Detect bad SQL in CI tests
Background:
We have, like many groups, regular issues with poorly performing SQL entering production. The reason this is hard to prevent is that a lot of ActiveRecord's power comes from its compositional style. But that makes it difficult to audit new code without knowing every call site and the context at that call site. On top of that many ActiveRecord methods such as includes
and preload
can cause interesting combinations of SQL to be used making even finding all the call sites difficult.
Our rspec tests already aim to exercise all these call sites meaning all the SQL we need to be concerned with should already be in the Rails logs and could be in the Postgres logs whenever the rspec tests are run. Some simple post-processing of those logs would allow any new SQL to be highlighted and explain plans to be reported.
Proposal 1 -- gather and post-analyze SQL from CI jobs:
We could leverage CI to gather a list of all SQL run during tests by simply enabling postgres logging of all queries in our CI tests and include those postgres logs as artifacts.
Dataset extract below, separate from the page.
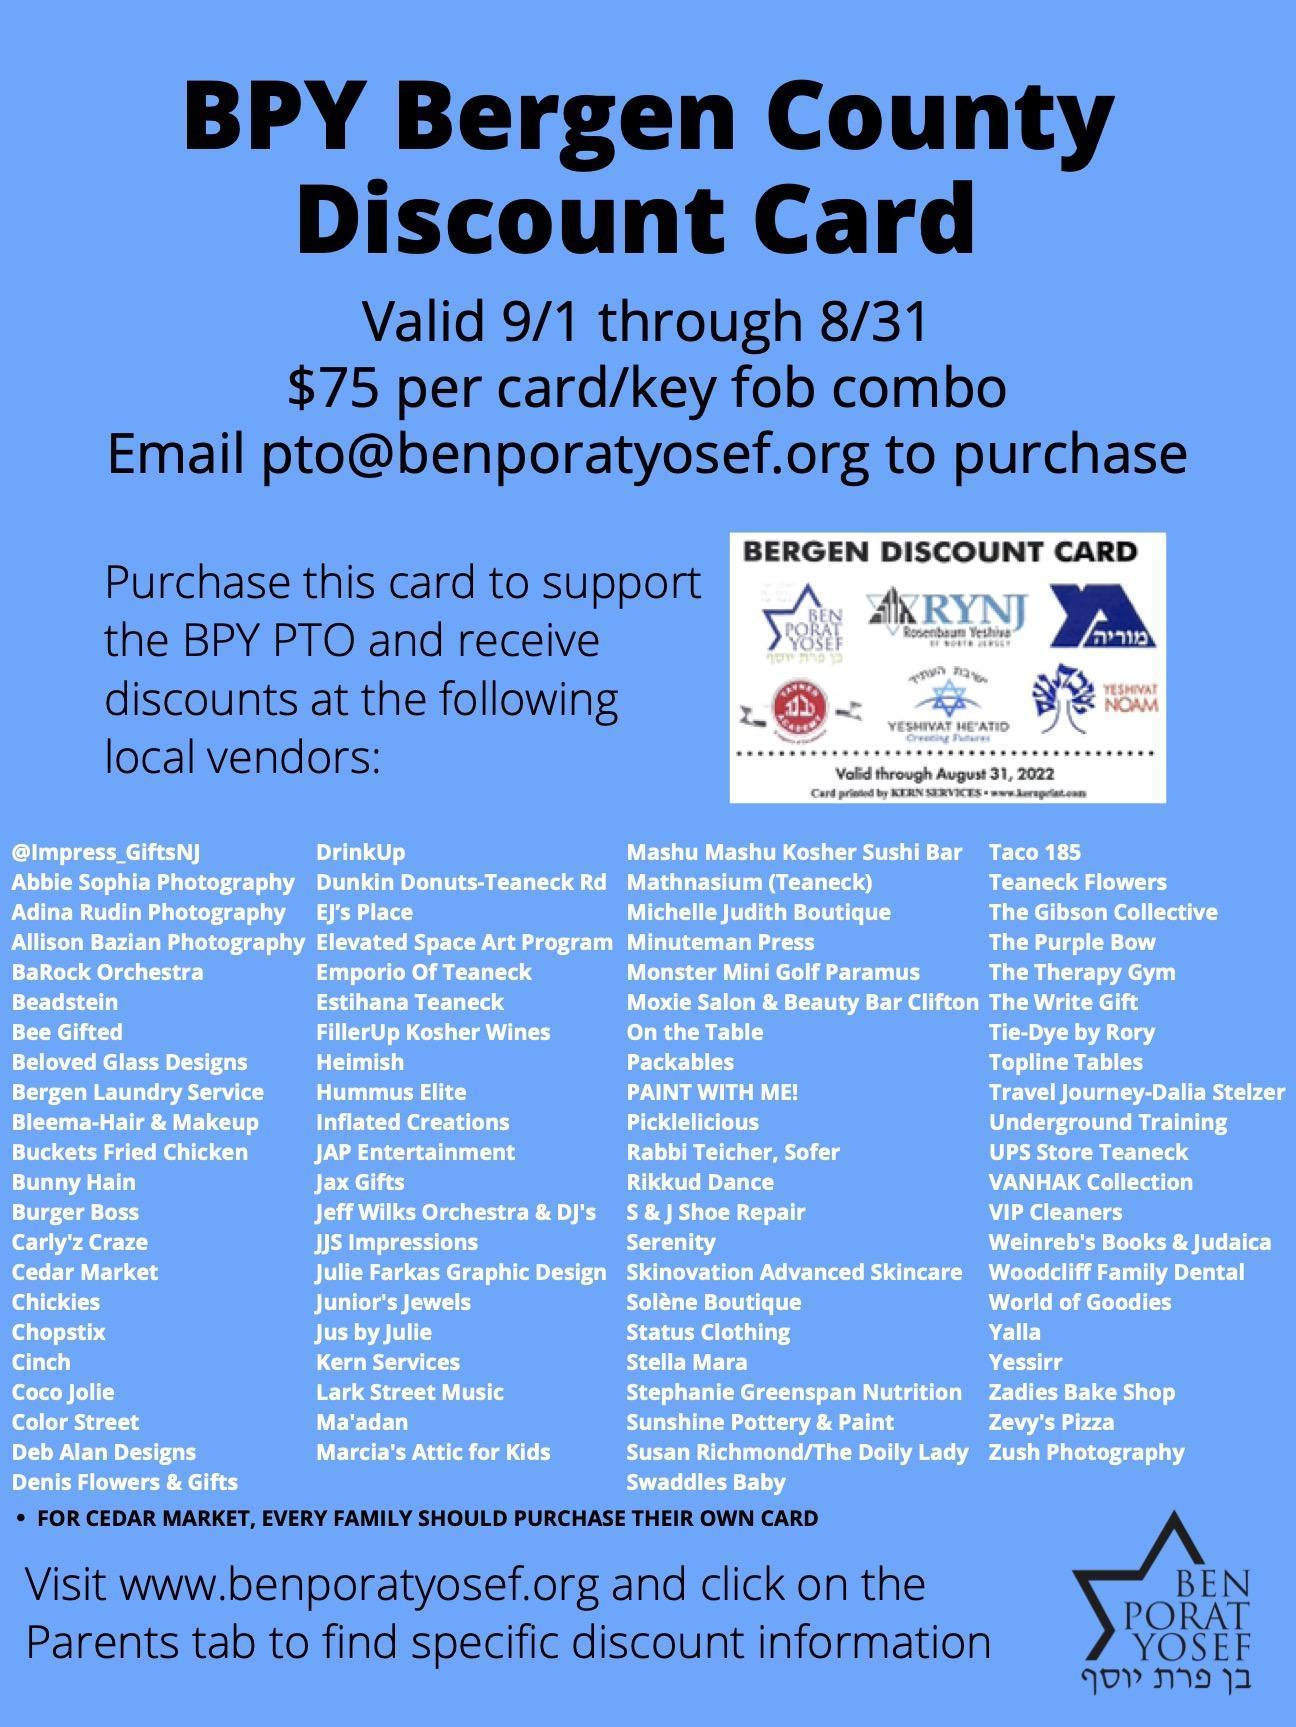 Flyer regarding discount card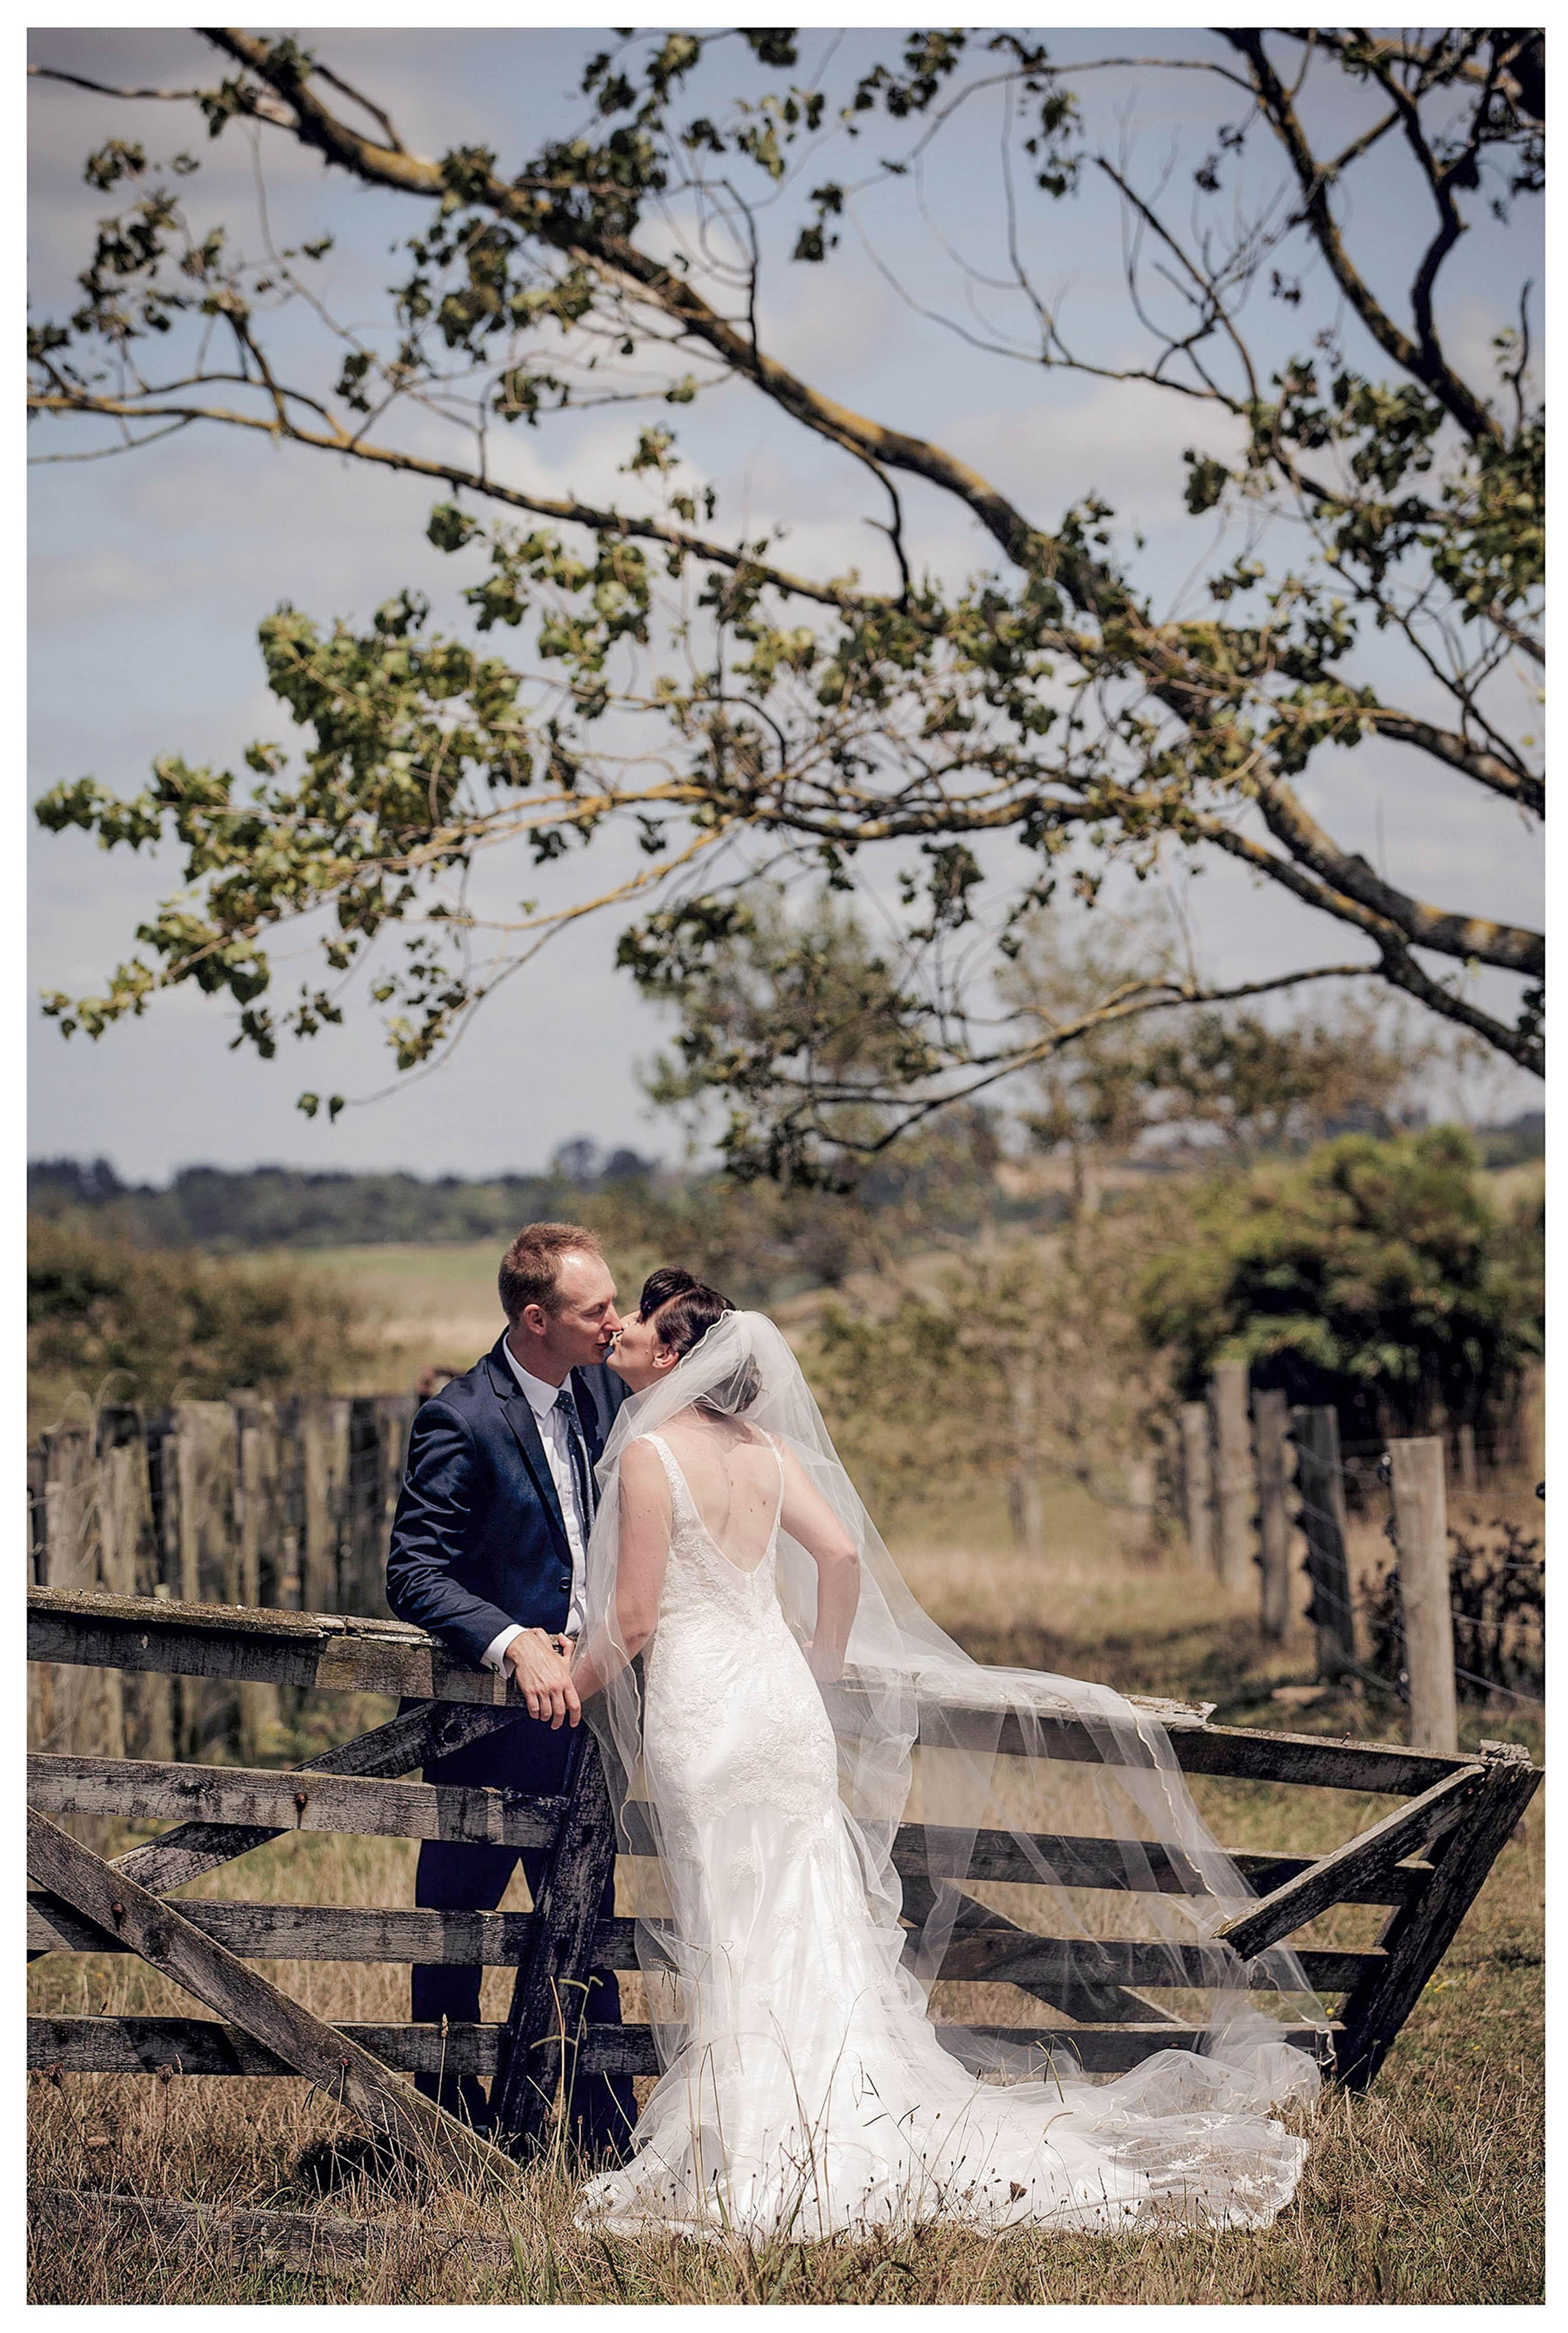 wedding photograph by Auckland wedding photographer Chris Loufte www.theweddingphotographer.co.nz farm wedding

If we enable CSV logs they'll be much easier to post-process than the Rails logs and we can be more certain that they include all SQL exactly as it's actually being executed.
Then we can provide a tool which downloads the sql log artifacts from two pipelines and reports on any new sql in the newer one. That seems fairly doable with the infrastructure we have today and would already provide a big boost to our ability to reliably audit any new sql in an MR.
Directions for future work:
-
When we have a mechanism to provide explain plans to developers from production we can even have that tool call out to that service directly and provide explain plans for the new sql. (There are some security issues to take care of to make this safe but they should be manageable.)
-
We could have a fairly simple set of policies about the explain plans (no sequential scans except on whitelisted tables, no index scans without index conds except on partial indexes, cost estimates larger than X, no sorts of estimated cardinality larger than Y, etc).
-
We could have a CI job which does all this automatically -- though I'm not sure how easily the inception-like examining of artifacts from earlier jobs would be...
Proposal 2 -- check and apply policies to SQL as they're run during tests
When running tests we can try to set up an environment which forces Postgres to generate plans similar to production, then detect plans that don't meet our policy goals and throw an error as soon as they're executed.
Pros:
- This would throw the errors close to the bad code rather than only after the full tests are run
- It would not be affected by superficial changes such as changing a column name which do not affect the plans
- It wouldn't increase the burden of reviewers
Cons:
- It wouldn't provide any visibility to new queries unless they triggered the heuristics
- It may be hard to create realistic plans in the test environment which may lead to false positives
- It may be hard to write effective heuristics
Implementation Details
To actually evaluate the policy it would be necessary to either have the Rails driver run explain
on every query and inspect the plan, or implement a Postgres extension which inspects the plan and throws a database error if it violates the policy.
An example policy would be:
- Run with
enable_seqscan=off
- If any sequential scans remain in the plan (except for whitelisted small tables such as
application_settings
) fail - If any index scans are in the plan which lack an
Index Cond
then fail (except for partial indexes) - If the total estimated cost is larger than X then fail
This would be a simple enough heuristic to implement in C in a Postgres extension or in Rails by examining the explain plan. More complex heuristics might be easier one way or the other.